The Full Collaborative Loop:

clone, pull, push

  1. git clone <ssh-url>: This is the starting point. You find a repository on GitHub and make your own local copy. This command does three things:
    • Downloads the entire repository, including its full history.
    • Creates a new folder on your machine.
    • Sets up the origin remote to point back to the GitHub URL.
  1. git pull origin main: Before you start any work, you should always get the latest changes from the remote. pull is actually a combination of two commands: git fetch (which downloads the latest history) and git merge (which merges the downloaded history into your current local branch).
  1. git push origin <branch-name>: After you have made and committed your changes on a local feature branch, you use push to send those commits up to the origin remote on GitHub.

The Pull Request: Heart of Collaboration

You NEVER push directly to the main branch of a collaborative project.
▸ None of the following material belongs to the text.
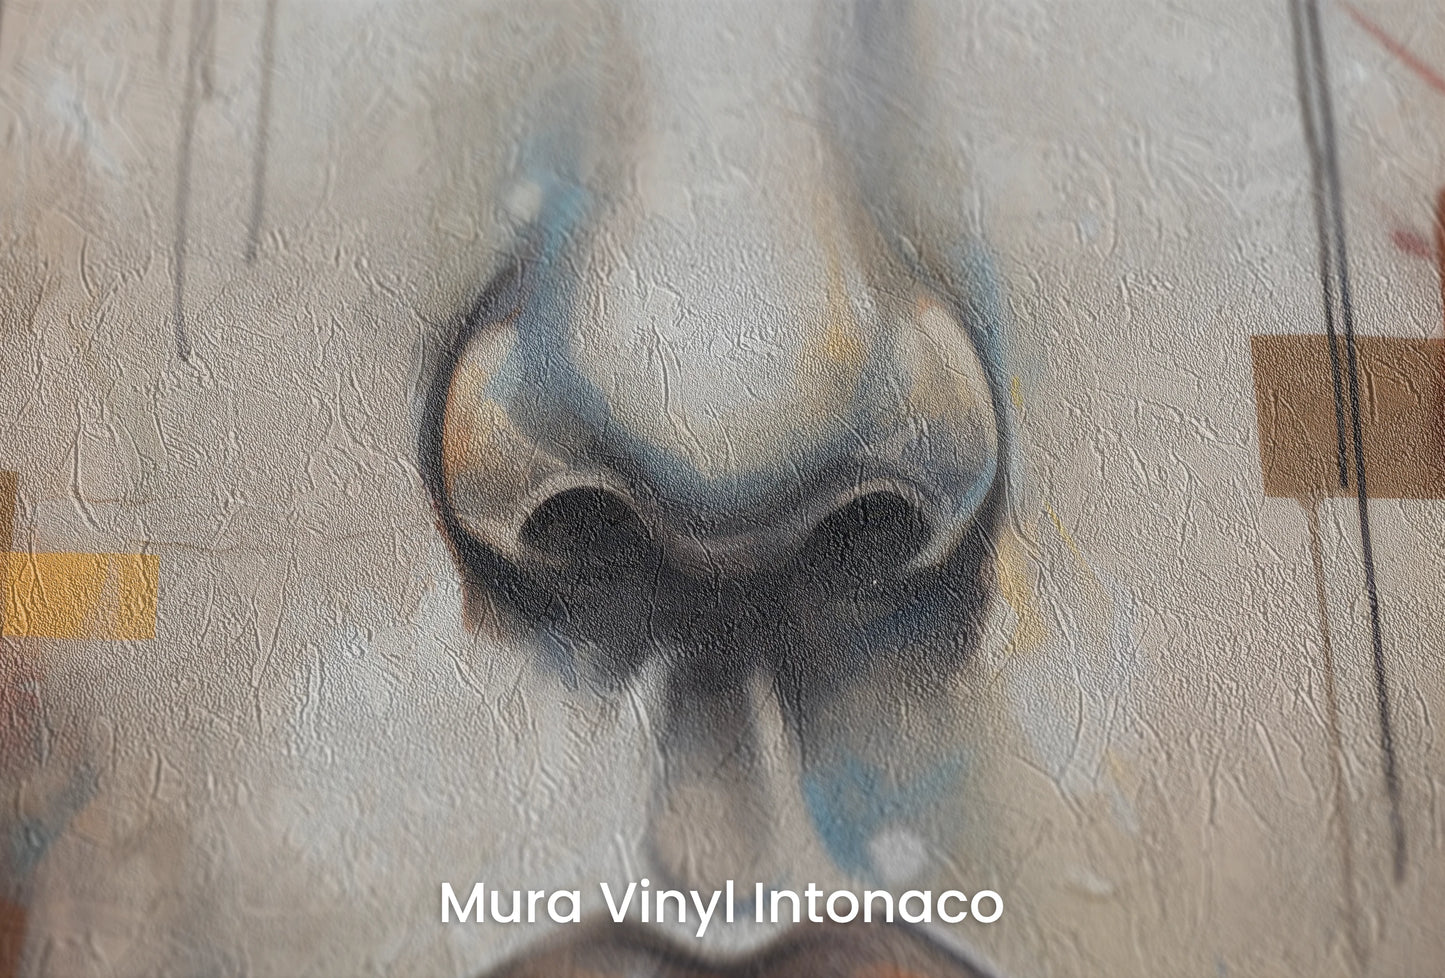 Zbliżenie na artystyczną fototapetę o nazwie Urban Reflections na podłożu Mura Vinyl Intonaco - struktura tartego tynku.

Instead, you propose your changes via a Pull Request (PR).

A Pull Request is a formal request to the project maintainers: "I have made some changes on my branch, and I would like you to please pull them into the main branch."

The Professional Workflow:

  1. Pull the latest main: git pull origin main.
  2. Create your feature branch: git checkout -b feat/my-cool-feature.
  3. Do your work: Write code, add, and commit. Make several small, logical commits.
  4. Push your branch to GitHub: git push origin feat/my-cool-feature.
  5. Open the Pull Request: Go to the repository on GitHub. You will see a big green button to "Compare & pull request". Click it.

Anatomy of a PR & The Code Review

When you open a PR, you'll see a new screen.

  • Title & Description: Explain what your PR does and why. This is your chance to sell your change to the team.
  • Reviewers: You will request a review from your teammates.
  • Commits Tab: A list of all the commits in your branch.
  • Files Changed Tab: This is the most important part. It shows a "diff" - every single line that was added, removed, or changed.

This is where Code Review happens. Your teammates will:

  • Read your code in the "Files Changed" view.
  • Click on specific lines to leave comments, ask questions, or suggest improvements.
  • Once everyone is satisfied, they will "Approve" the PR.
  • Finally, a project maintainer will merge the PR, and your code becomes part of the main branch.

This is the moment of celebration.

Handling Reality - Conflicts & Changes

The Developer's Pause Button:

git stash

Scenario: You're in the middle of working on a complex feature on your branch. You have a dozen changed files, but you're not ready to commit. Suddenly, your boss runs over. "There's a critical bug on the live website! You need to fix it right now!"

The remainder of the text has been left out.